Based on the raised by @pshriwise problem in #3492 and followed the given there accompanying technical aspects description, it is implemented in this small PR an approach of simple count of remaining particles in a bank specific to each split event instead of the current copying.

To store the counter value, it has been added a new field of the SourceSite struct named n_repl that has also been reflected in the related MPI struct.

This approach prevents excess copying and storing of particle data n_split-2 times after each splitting event (when n_split > 1) that reduces both the computational cost (negligibly, but does not increase guaranteed) and used memory (as strong as the splitting/roulette technique is desirable). The last one improves the entire computational scheme stability in extreme cases.

Fixes #3492

Checklist

  • I have performed a self-review of my own code
  • I have run clang-format (version 15) on any C++ source files (if applicable)
  • I have followed the style guidelines for Python source files (if applicable)
  • I have made corresponding changes to the documentation (if applicable)
  • I have added tests that prove my fix is effective or that my feature works (if applicable)

@vitmog vitmog marked this pull request as ready for review November 26, 2025 14:11
@vitmog
Copy link
Author

vitmog commented Nov 26, 2025

Perhaps it would be natural to request your review @pshriwise, but I actually do not know what to do

@jtramm
Copy link
Contributor

jtramm commented Nov 26, 2025

Currently the lack of shared secondaries is a real killer in terms of performance. The excess memory usage is an issue but, in my experience, is usually not a deal breaker compared to the lack of ability to share secondaries between threads. In my experimenting with a shared secondary bank, it can often speed up weight window calculations by 100x or more.

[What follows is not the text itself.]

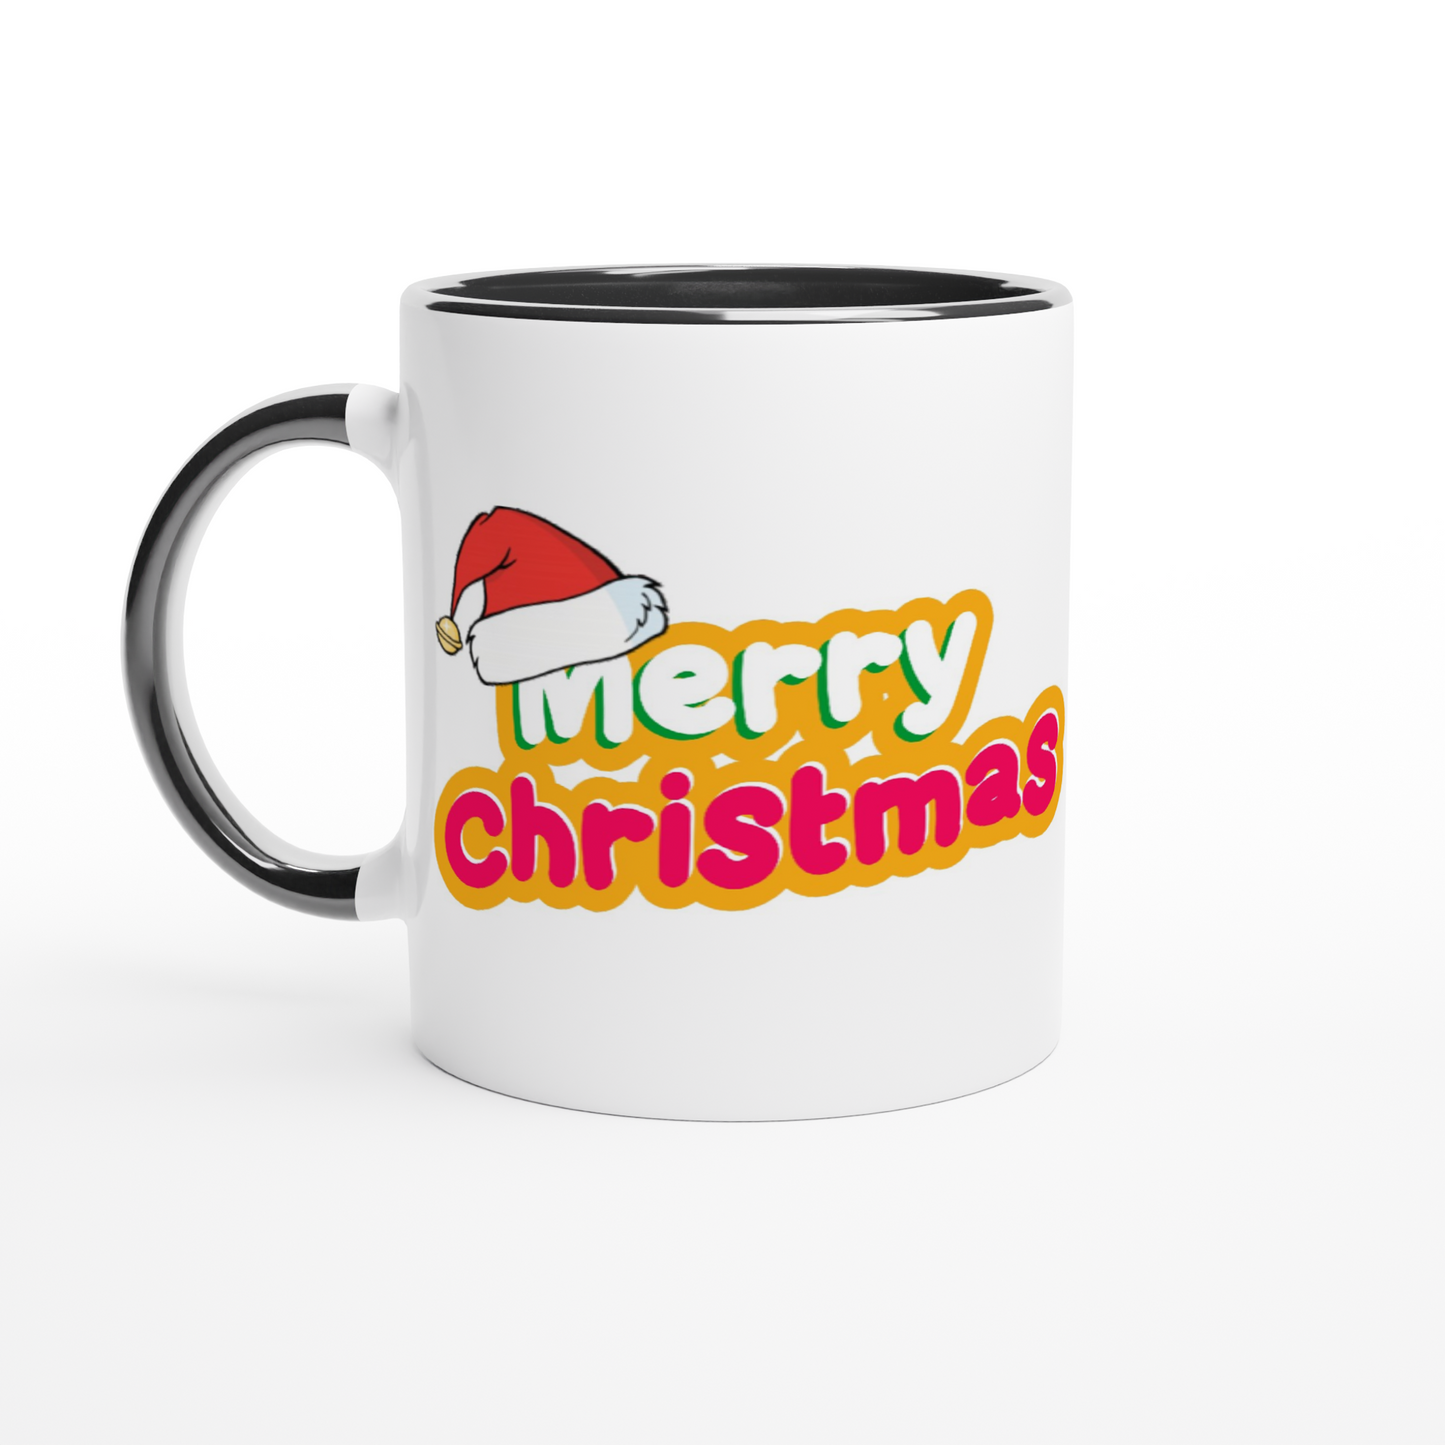 Santa's Merry Christmas Ceramic Mug

Changing the banking routines to compress duplicated sites like in this PR solves the (seemingly lesser) memory problem but makes the sharing of secondaries a lot more complicated I think. Currently it will be pretty easy to sort secondaries by progeny and parent ID and then load balance across MPI ranks, but with this PR that logic gets much more intricate and tricky. Personally I don't think it's worth the added complexity but maybe there are use cases people are hitting where the secondary bank memory really is a killer issue?

@pshriwise
Copy link
Contributor

Thanks for implementing this @vitmog! It's appreciated when ppl find an open issue to tackle and go for it.

@jtramm, good point about the shared secondary bank! I may have created #3492 issue before our discussions on that. It definitely would take some extra consideration in the context of a shared secondary bank. I can see some potential advantages in sorting, but that doesn't seem to be a bottleneck. I can certainly see how load balancing would become more complicated!

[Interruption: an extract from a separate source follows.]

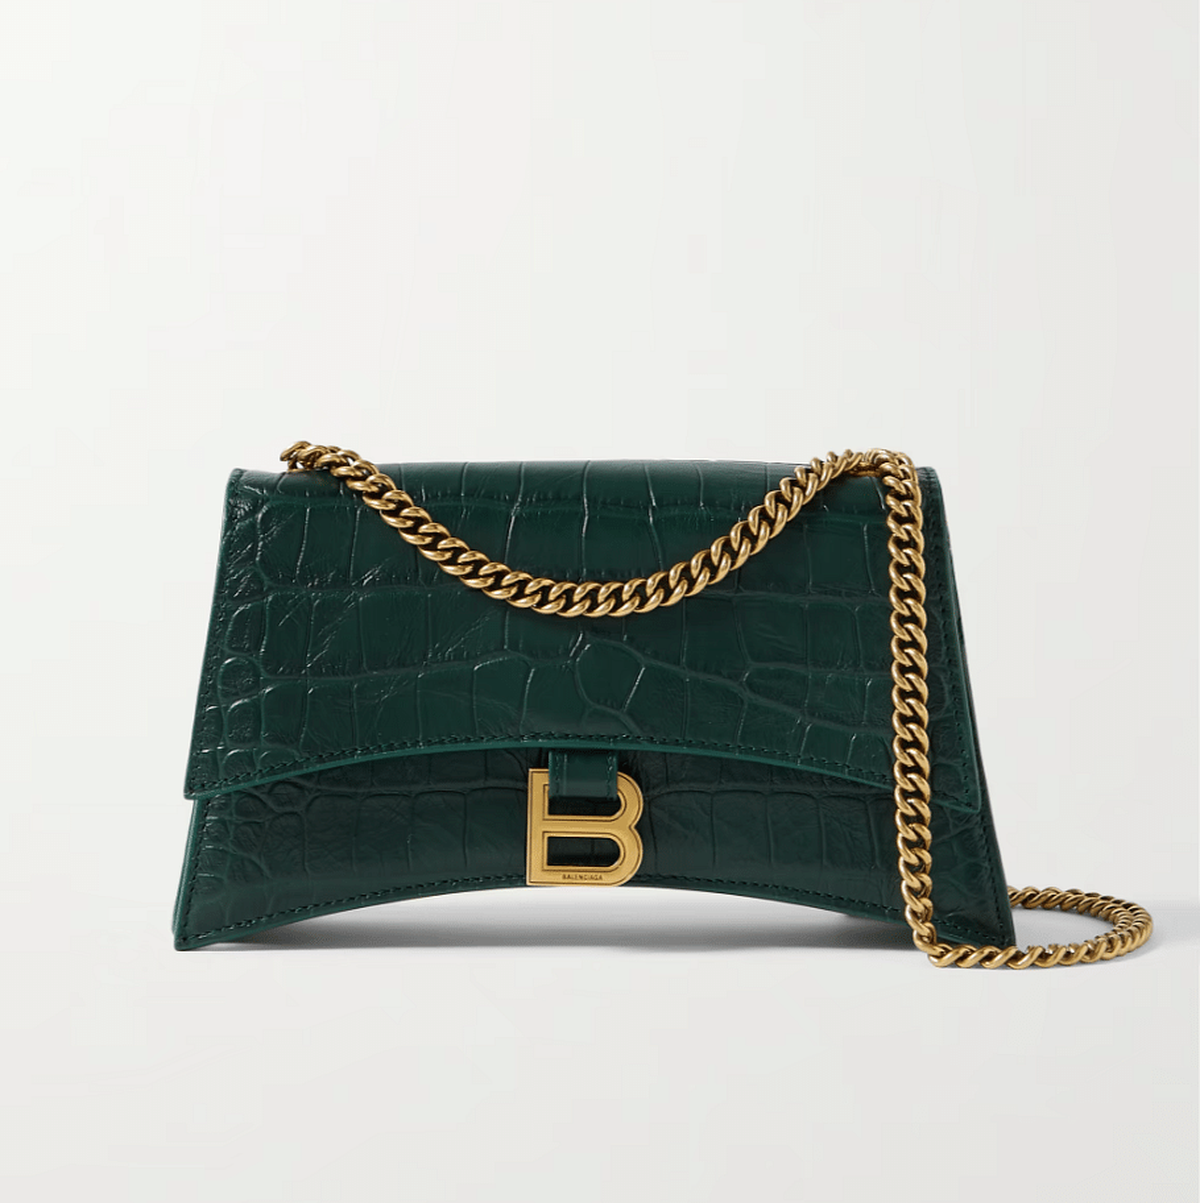 Victoria Beckham Chain Pouch crocodile-effect clutch bag - Green

At the end of the day, I don't think it's worth complicating the initial shared secondary bank implementation without more motivation for memory/communication savings -- agreed.

Thanks again @vitmog! This is nice to have in mind if we need to return to this issue. Let's wait for the shared secondary implementation to come in and we'll revisit. If, after some further stress testing, we find better motivation for supporting this layout perhaps we can look into it more deeply.

@vitmog
Copy link
Author

vitmog commented Nov 26, 2025

@jtramm thank you for the comment! The copying is not a killer of somewhat currently but it can become a killer asymptotically, although unlikely. The assumed point of this PR is just a free-cost improvement that now seems being not so free-cost because it conflicts with your idea, with which I will allow myself to argue. Furthermore, you had mention a so interesting and actual issue that I would to give an extended commentary below.

In my experimenting with a shared secondary bank, it can often speed up weight window calculations by 100x or more.

I can imagine such a situation for the only case when the sample computational time fluctuates hardly from one thread to another. It can be possible in the following two cases:

  1. An applied splitting scheme is not successful due to too rare high-rate splitting events;
  2. The chosen sample size is too small for the used splitting scheme.

For example, let we have a single possible history split event with the probability is 1E-6 [split/history], rate is 1E9 [branches/split], and the sample size is 1E4 [histories/sample]. In this case, with the average split rate of 1E-6 * 1E4 = 1E-2 [split/sample] it will be produced a run that perhaps much longer (as related as the costs of 1E9 branches and 1E4 histories) than a non-split history run. I suppose that this rare long run you would to distribute to idling threads, or no?

The example problem would be solved using an improved splitting scheme via multi-stage splits, i.e., for example, 3-level scheme of the probability 1E-2 and rate 1E3 branches/split instead of the singe-level one. From my experience, a successful splitting scheme always produces the quite stable computational time of batches, even for high-rate splitting as it is for high-magnitude attenuation (1E-28 in this case) problems. Also, with the sample size higher than 1E7 histories, this scheme becomes almost stable (but still far away from the optimal one).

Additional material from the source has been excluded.